Carlsson with Falck and Hillarp (Carlsson et al. 1958) brought the first demonstration of DA production in the brain and provided evidence that the DA distribution was not similar to that of NA or adrenaline, suggesting different roles for these three catecholamines (Carlsson et al. 1961). Thereafter, Dahlström and Fuxe (1964) published a detailed distribution of catecholaminergic containing neurons in the rat brain. Few years later, Nobin and Björklund (1973) reported the presence of such monoamineric neurons in the fetus human brain.

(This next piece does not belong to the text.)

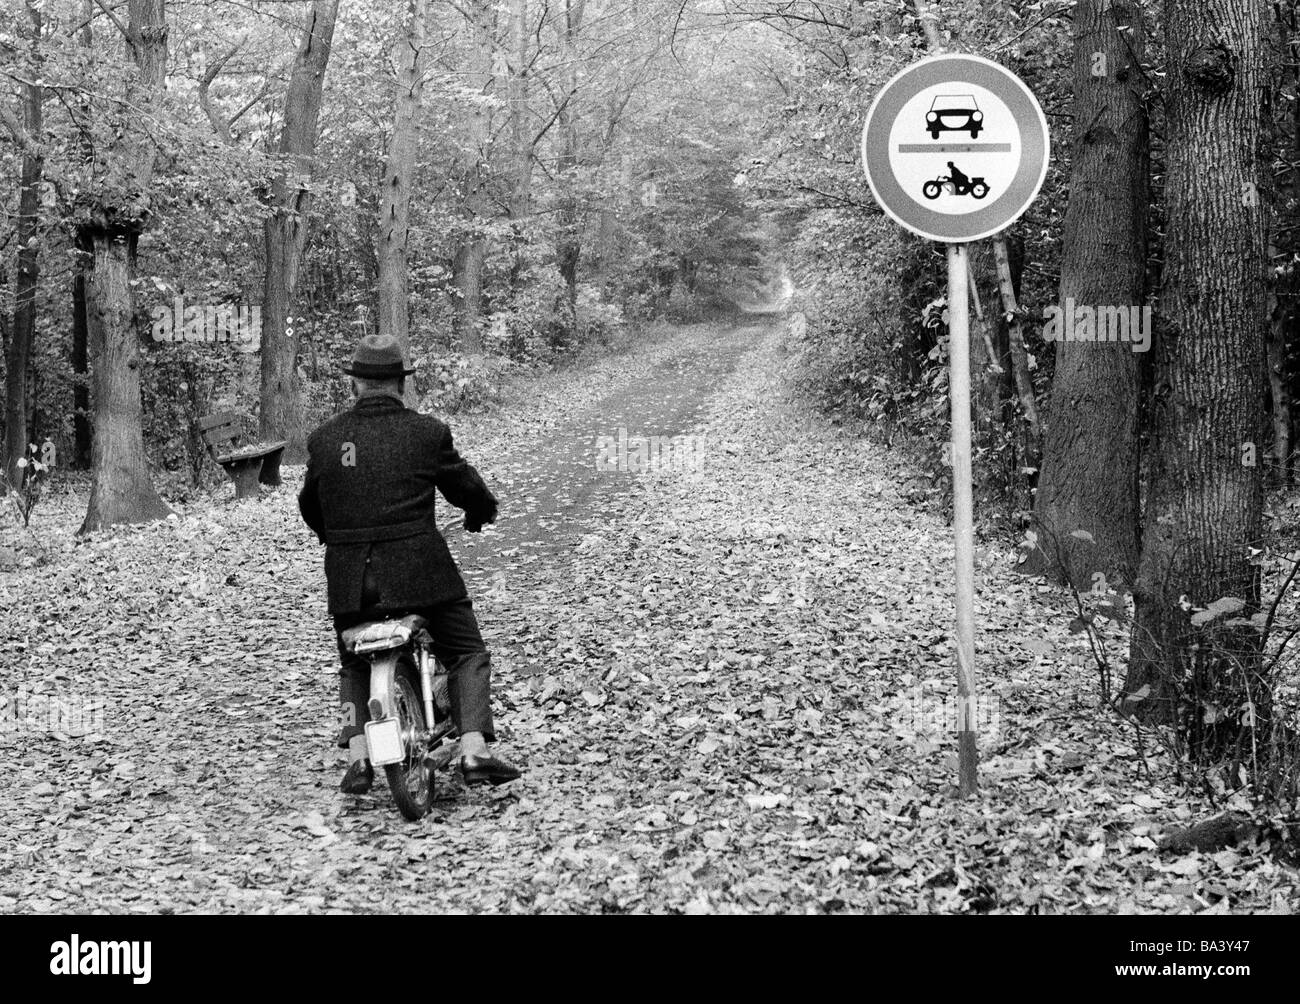 70er Jahre, schwarz / weiß Foto, Herbst, Wald, Wald, Straße, Verbotszeichen, kein Eintrag für Autos und Motorräder, dennoch ein älterer Mann auf einem Moped durchläuft, im Alter von 60 bis 70 Jahre, D-Bottrop, D-Bottrop-Kirchhellen, Grafenwald, Ruhrgebiet, Nordrhein-Westfalen Stockfoto

By means of the same histofluorescent methods and more sensitive tracing techniques, it was shown that the DA innervation of the basal ganglia (or striatum) arose from the substantia nigra in the mesencephalon (Anden et al. 1964; Bertler et al. 1964). When later specific antibodies were raised against various neurotransmitters and enzymes involved in the synthesis of these catecholamines such as tyrosine hydroxylase (TH), which existence was first postulated by Blaschko (1939) and isolated by Nagatsu et al. (1964), it was possible, with single and dual immunohistochemical methods, to produce complete maps for monoaminergic systems, confirming and extending various hypotheses on the key roles of such neurotransmitter molecules in the central and peripheral nervous systems (Hökfelt et al. 1976, 1977; Carlsson 2001).

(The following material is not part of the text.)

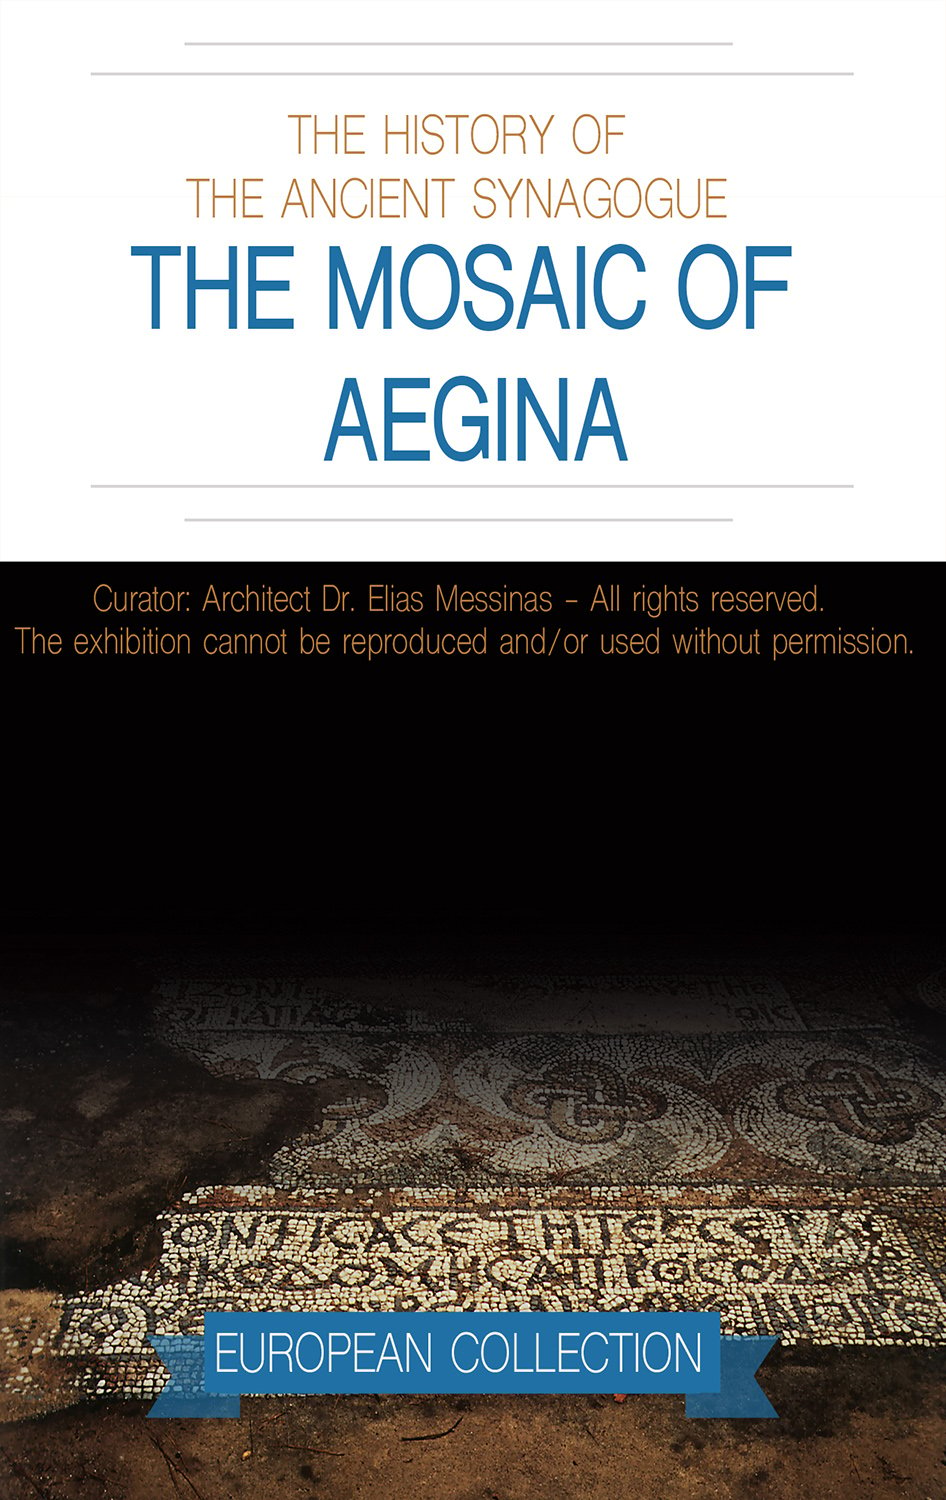 THE MOSAIC OF AEGINA  EXHIBITION

It was demonstrated that the basal ganglia are the major source of DA (Bertler and Rosengren 1966) and led Carlsson to propose that nigrostriatal DA might be involved in the control of motor activity while its decrease could be the cause of the extrapyramidal symptoms in patients with Parkinson’s disease (Carlsson 1959). Such hypothesis was then supported by the observation of a decrease in DA concentrations in preclinical models of Parkinson disease (Sotelo et al. 1973) and in the basal ganglia in patients with Parkinson’s disease. Finally, l-DOPA treatments, by restoring dopamine transmission, had beneficial effects (Birkmayer and Hornykiewicz 1961; Barbeau 1969; Carlsson 1971).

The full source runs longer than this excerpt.